AIM OF THE TASK: Nothing outside the lines below from the one containing "Chicken Broccoli and" through the one containing "Elegantly furnished two-bedroom" is to be printed; print those exactly, ends included, and drop the pictures.

***** DATA IN THIS EXERCISE *****

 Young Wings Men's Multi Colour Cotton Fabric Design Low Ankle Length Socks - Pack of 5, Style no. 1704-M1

*****
***** DATA IN THIS EXERCISE *****

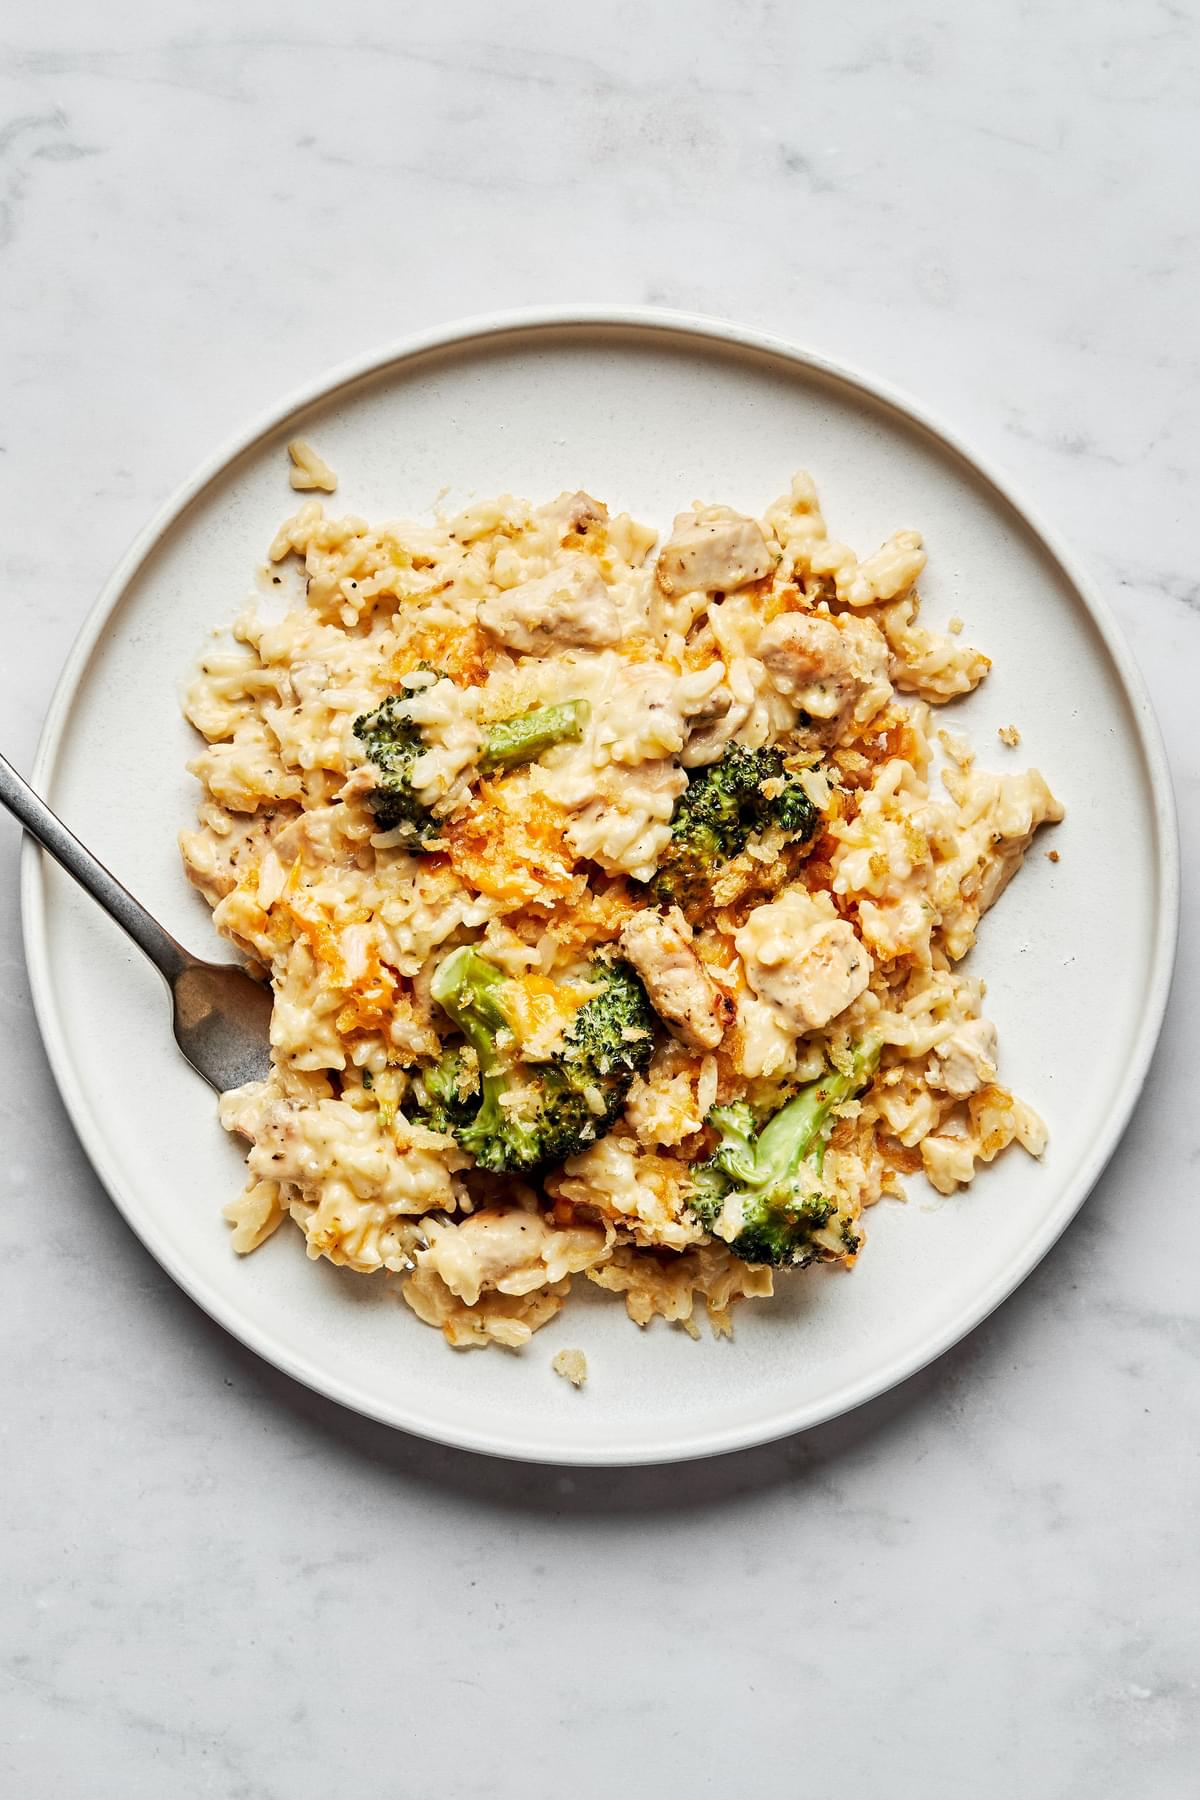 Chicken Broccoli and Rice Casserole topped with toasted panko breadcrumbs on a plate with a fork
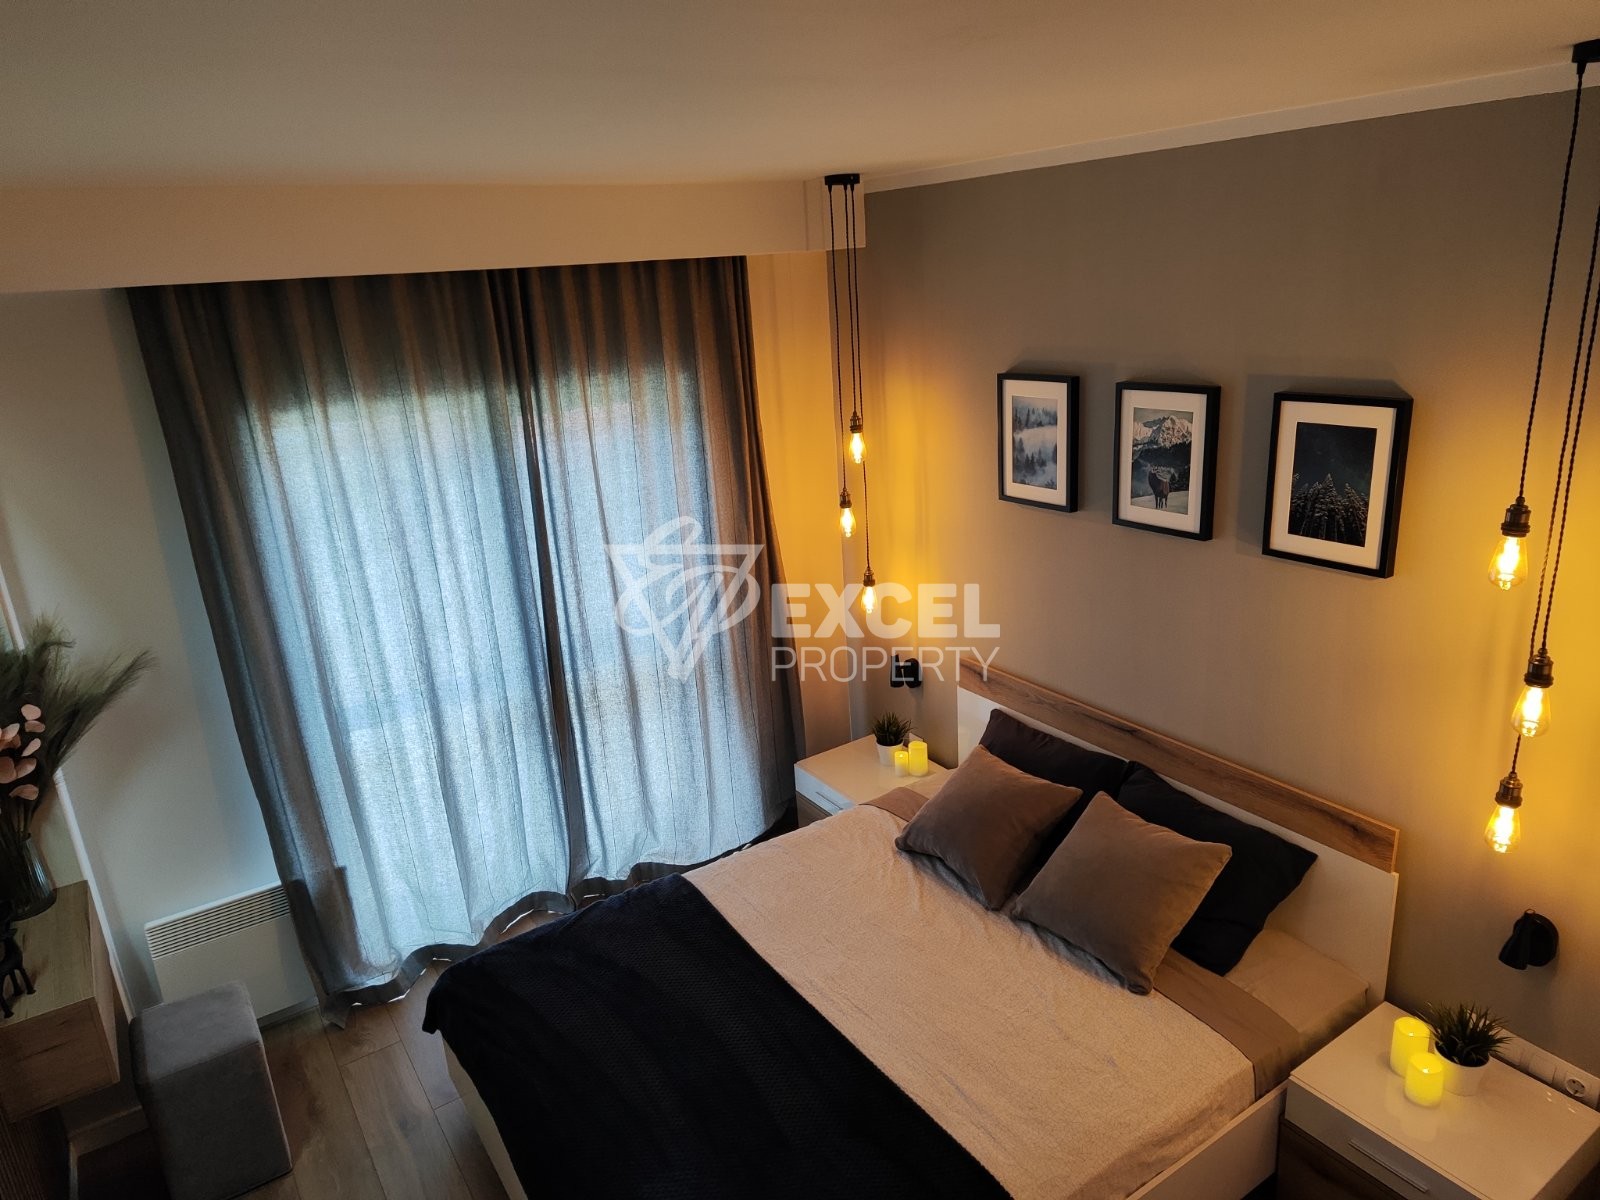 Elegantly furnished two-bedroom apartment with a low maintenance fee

*****

EXERCISE ANSWER:
 Chicken Broccoli and Rice Casserole topped with toasted panko breadcrumbs on a plate with a fork
 Elegantly furnished two-bedroom apartment with a low maintenance fee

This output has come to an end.